Mexican tacos, beef, street food, Mexico city, tortilla, hungry, LatAm, 575

LatAm bond bankers, I hope you’re hungry

Origination bankers in New York are again flocking south to visit Latin American issuers. Some 13 of the 15 LatAm DCM heads that GlobalCapitalsurveyed in the past two weeks said they were already carrying out client visits in the region; just two are waiting until 2022. But, in Mexico at least, bankers are largely being directed by issuers to seek out restaurants, cafes and bars with suitably ventilated terraces for their meetings.

One DCM head said this new Covid-safe form of meeting was a bit much for him. How is he supposed to maintain his carefully procured pandemic-era beach bod while packing 10,000 calories a day just seeing his clients? Another LatAm bond chief recently back from Mexico said the tacos were as moreish as ever, but that this was the only consolation for missing bedtime with his children. Your correspondent, also just back in Bogotá from Mexico City, concurs on the quality of the grub — though is currently about 80% corn, so perhaps not the most impartial judge.

For most in global financial markets, it’s budgetary belt-tightening — rather than trouser belt-tightening — that will likely lead to less travel, alongside other considerations like carbon emissions and the time savings of Zoom versus planes and in taxis.

Is Latin America slightly different? Some think so, given selling LatAm bonds requires being on the pulse on “local content” — banker speak for trying to comprehend what on earth is going on in this region (more on El Salvador’s volcano bond below).
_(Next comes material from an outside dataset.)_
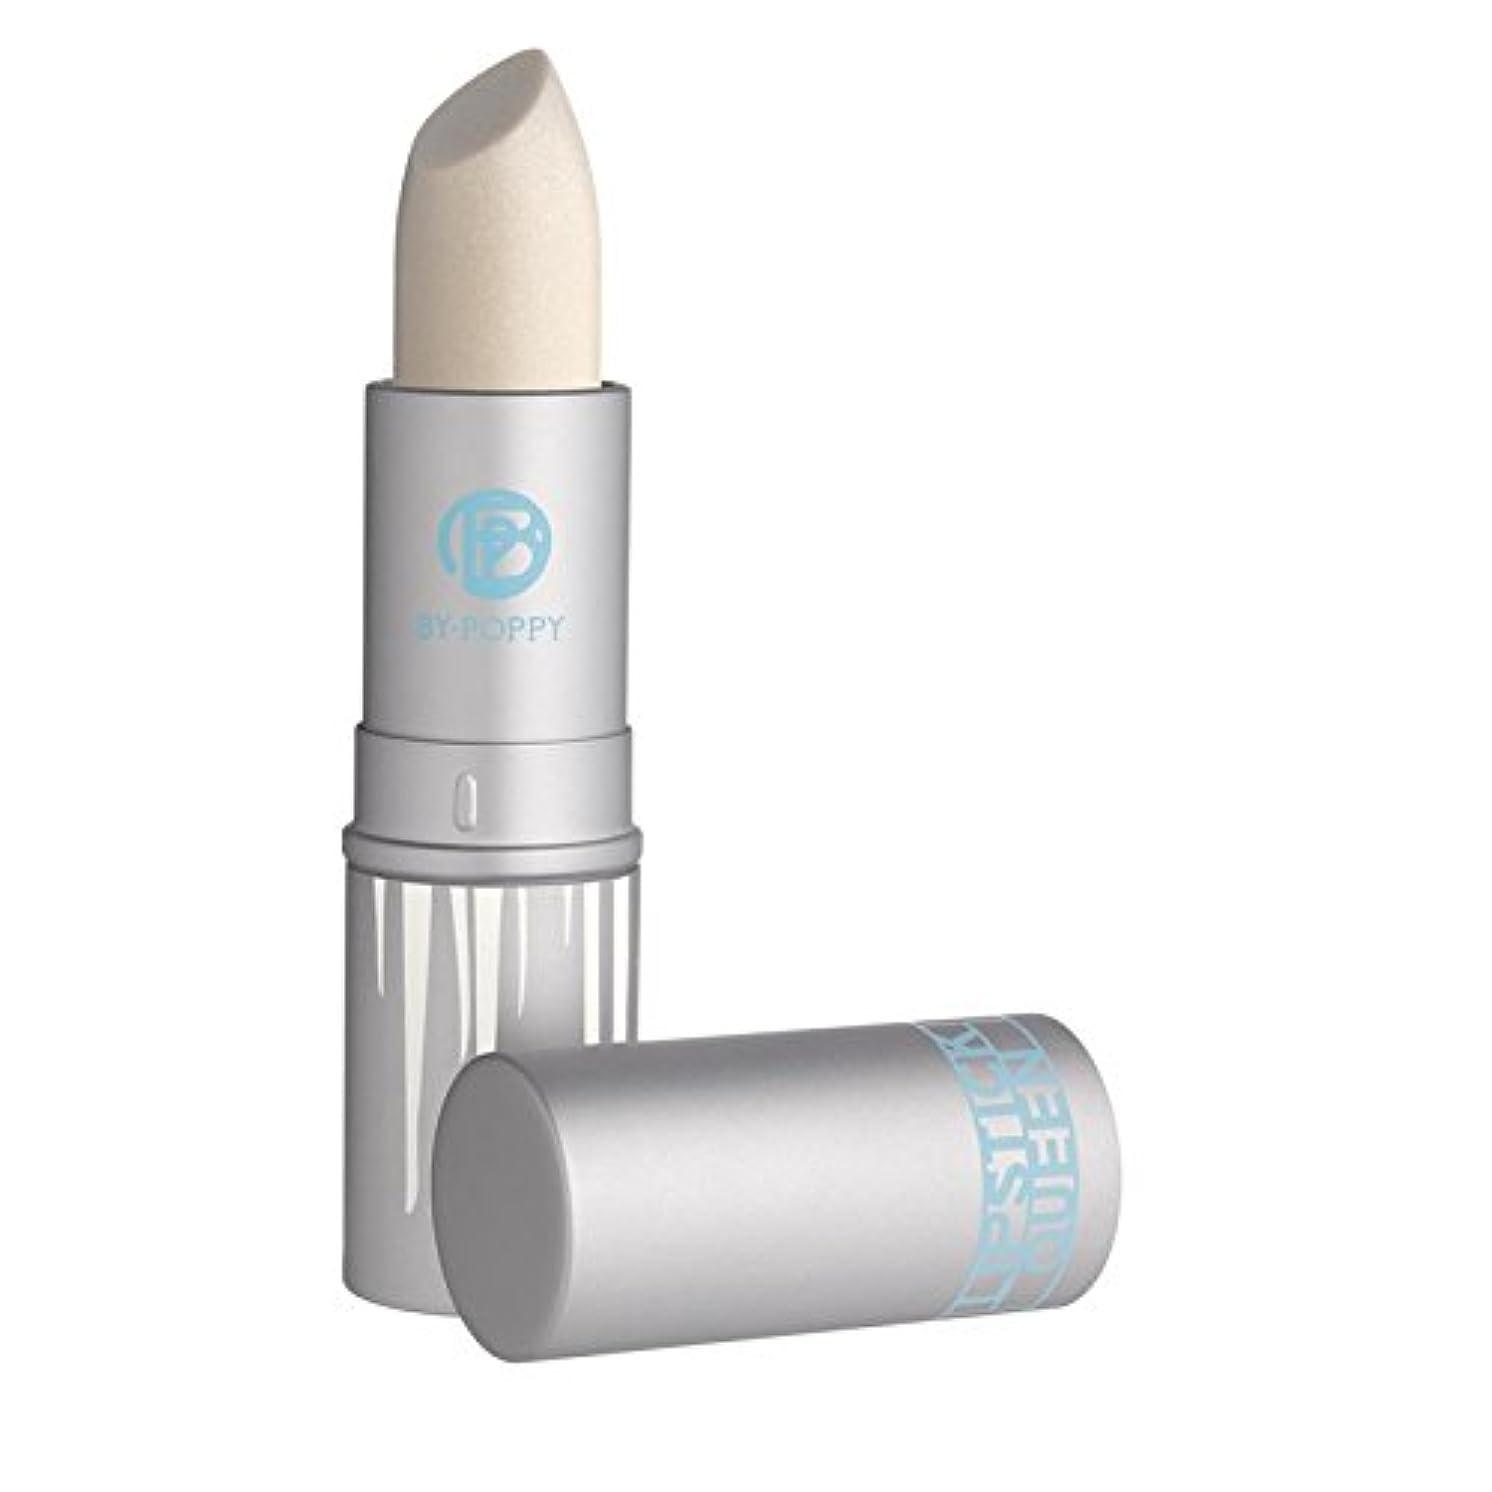 ユダヤ人準拠飽和するLipstick Queen Ice Queen Lipstick 3.5g - 口紅の女王氷の女王の口紅3.5グラム [並行輸入品]

Then there are the clichés about the Latin American way of doing business: the importance of close personal relationships, building trust over time etc. Some of these stereotypes are probably based on reality.
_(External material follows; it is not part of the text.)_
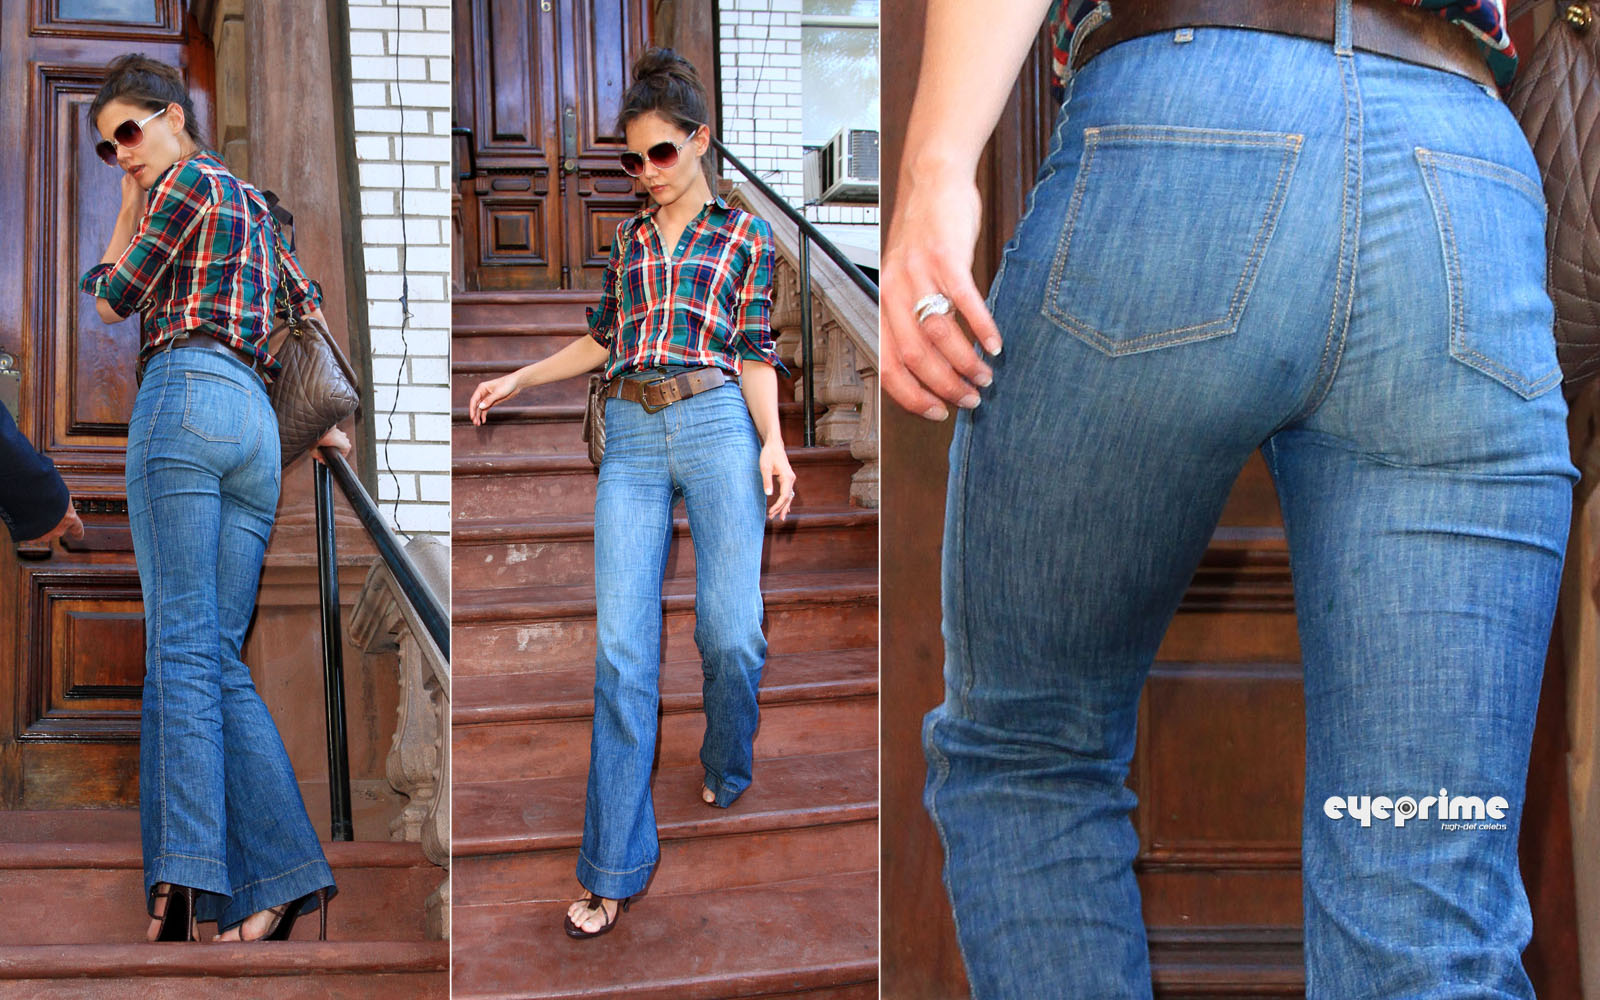 http://3.bp.blogspot.com/_cnya8urXwzU/TCBqBY-TyKI/AAAAAAAAITc/4u8gbsbhQ88/s1600/holmes_eyeprime_90.jpg

LatAm bankers occasionally like to think their jobs are a tad more exotic and unpredictable than developed market bond pros, which necessitates more on-the-ground action. To paraphrase another LatAm debt head, US IG DCM guys are “cogs in the machine”, fussing over whether a new issue concession should be 2bp or 3bp. Comparatively, LatAm bankers are “ninjas”. LatAm bond journalists, too, surely?

What does this mean for LatAm DCM travel habits in the future? There is little consensus — not even on where to get the best taco in Mexico City. But we suggest checking out the full write-up of our findings here. If you still need access, drop my colleagues Phil and Kat a line at phil.huntsman@globalcapital.com / katherine.tapper@globalcapital.com for a trial password.

Crypto eruption

Before proceeding to the next section, please watch at least the first 55 seconds of this video from President Nayib Bukele of El Salvador. And take notes for next time you want to brighten up a roadshow presentation.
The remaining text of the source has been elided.